Both facilities also received average ratings for staffing. Northbridge was ranked “above average” for quality of care. Sharon was ranked average.

Fines and citations are common for nursing homes, and federal health officials track and post penalties imposed over the last three years. Reasons for the fines are not posted.

Northbridge was fined once in the last three years, and ordered to pay $6,500 in August 2018, according to the website.

Sharon was fined twice: $4,758 in May 2017 and $10,839 in March 2019.

‘Our lives are in jeopardy’

As the state moved ahead with its plans Wednesday, nursing home workers said they’re being forced to care for residents without proper protective equipment. In some cases, they’re fashioning gowns out of garbage bags or wearing a single surgical mask for an entire week.

Rob Baril, president of the New England Health Care Employees Union, District 1199 SEIU, said about 500 of his union’s 6,000 nursing home workers have contracted COVID-19 or are self-isolating with symptoms.

Multiple nursing home employees have died, he said, including a nurse who worked at the West River Healthcare Center in Milford. He did not have a precise count of the fatalities.

“Very likely, a minimum of 20% of the COVID-19 cases that are active in Connecticut have been through the vector of nursing homes, either in residents or patients and of course, workers as well,” Baril said. “We’re calling attention to this crisis.”

“We’re aware of a number of different workers who are quite ill,” he said. “My fear … is over the next week, we may start getting much more bad news.”

State data show that 83 of Connecticut’s 213 nursing facilities have at least one COVID-19-positive resident. The state has not disclosed the number of cases at each facility, leaving family members and other loved ones in the dark as nursing homes bar visitors and the disease continues to spread.

The state also has not released data on the number of nursing home workers with coronavirus. After The Mirror wrote about the gap in mandated reporting, state officials said they would begin to collect that data. A spokesman for the health department said Wednesday that the information was not yet available.

Nursing home employees issued a plea for help Wednesday, calling on the state to direct more protective gear and other resources to the facilities.

“This is serious. Our lives are in jeopardy,” said Chelsea Daniels, a licensed practical nurse at Fresh River Healthcare in East Windsor. “We don’t have an option to work from home. We are reusing personal protective equipment.”

“If we die, who’s left to take care of the residents?” she asked. “We shouldn’t have to beg for PPE, and we shouldn’t have to beg to be protected.”

Carol Dixon, who is part of the housekeeping staff at the Saint Mary Home in West Hartford, said she knows of at least seven colleagues who are out sick. Administrators at her facility have not kept staff members apprised of all the residents and workers who are ill, she said, deepening concerns.

“Not knowing is the problem,” she said. “When you know, you can prepare yourself. When you don’t know, you walk in and it’s terrifying.”

Marshalee Blidgen said she was fired from her job as a part-time certified nursing assistant at Saint Mary this week after refusing to work on a floor with residents who showed coronavirus symptoms.
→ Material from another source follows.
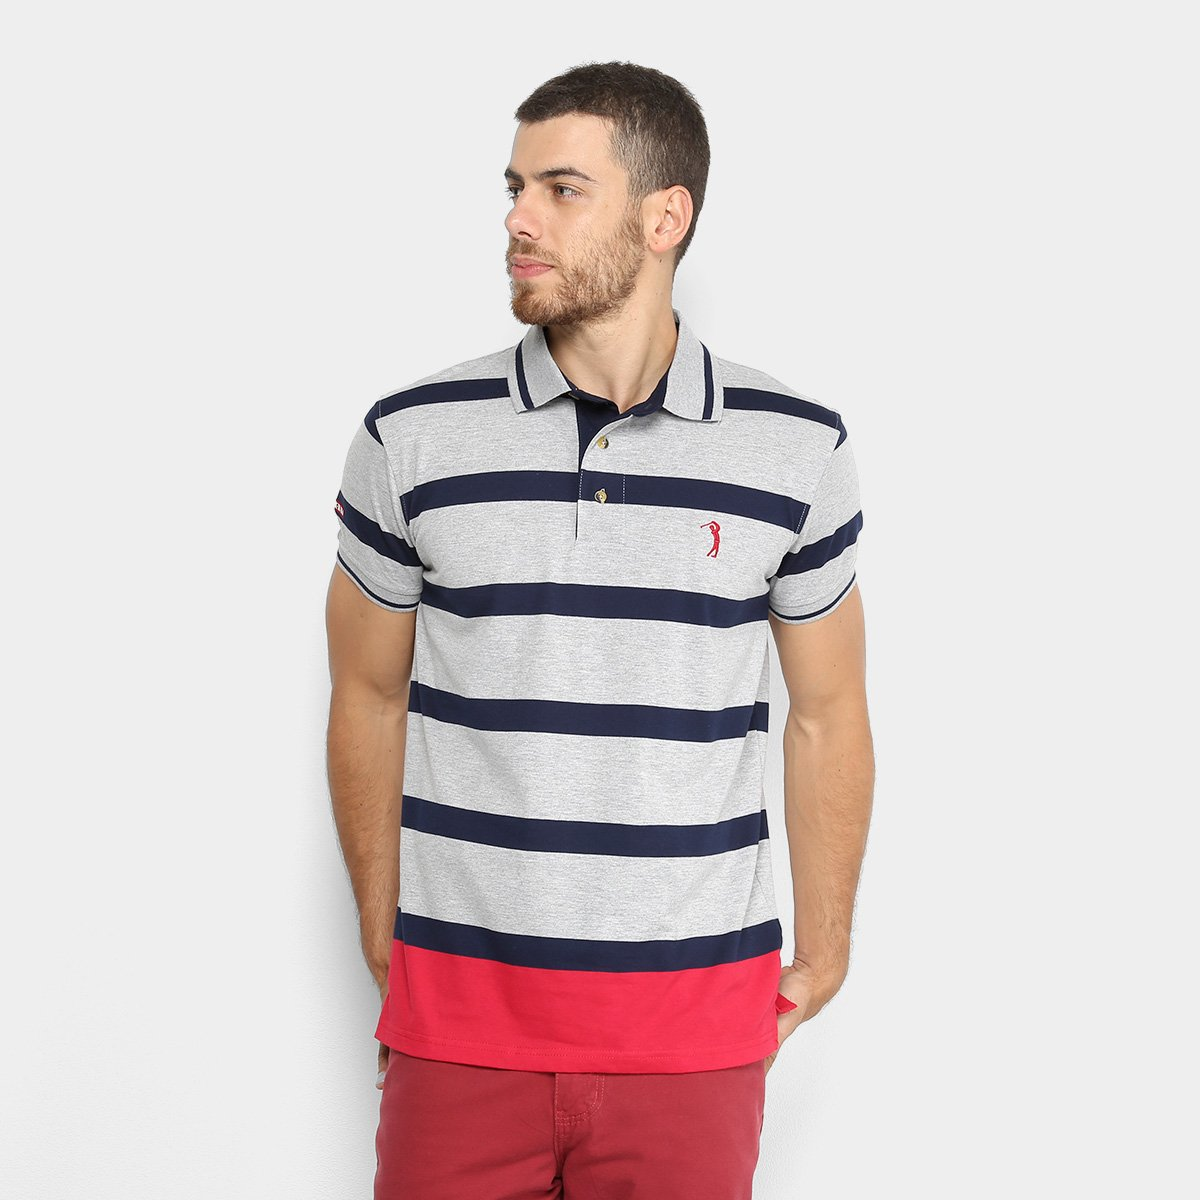 b5477f5619 Camisa Polo Aleatory Fio Tinto Listrada Masculina

Her 13-year-old daughter has asthma, Blidgen said, so she walked out of her shift. She was later fired.

“I’m scared and I feel betrayed” she said. “They should be looking out for the CNAs. I know I have duties, but on the other hand, my family comes first.”

With regard to protective equipment, administrators at Saint Mary said they are following guidelines from the Centers for Disease Control and Prevention. Three residents of the facility have tested positive for COVID-19 and have been hospitalized. Three employees have also contracted the disease and are recovering at home.
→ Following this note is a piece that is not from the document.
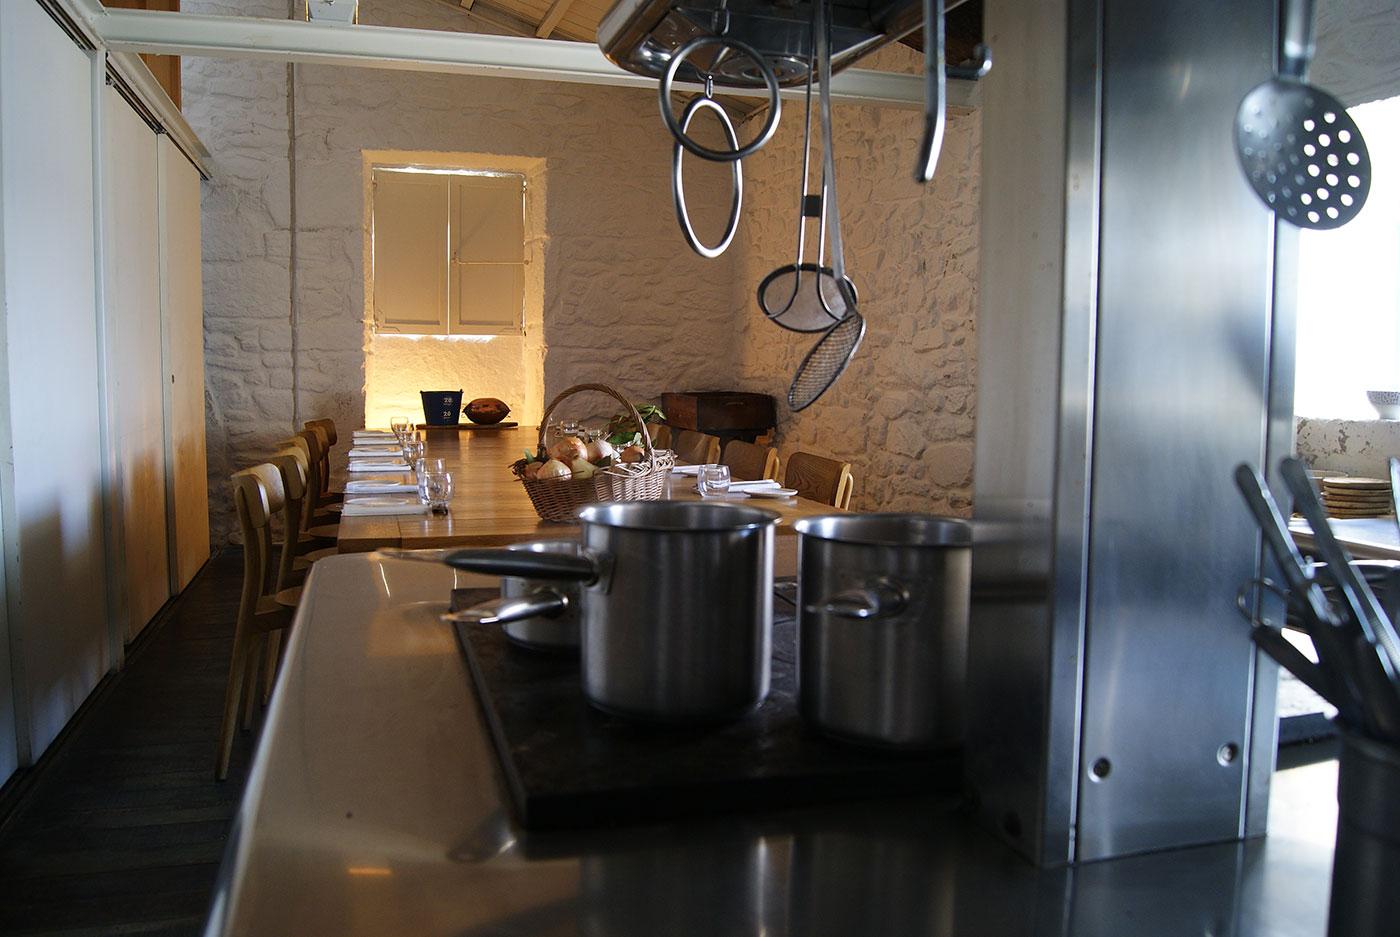 loxe-mareiro-abastos2.0-elfotogastro-fotografia-de-comida-cocina

They declined to comment on Blidgen’s situation.

State officials said Wednesday they are working to address shortages in protective gear.

“We’re going to get that gear out to people as fast as we humanly can,” Gov. Ned Lamont said. “We’ve got a good backlog. We’ve got it on order. Frontline workers are our number one priority.”

“In the meantime,” he said, “if you have to wear a mask you make yourself, do that.”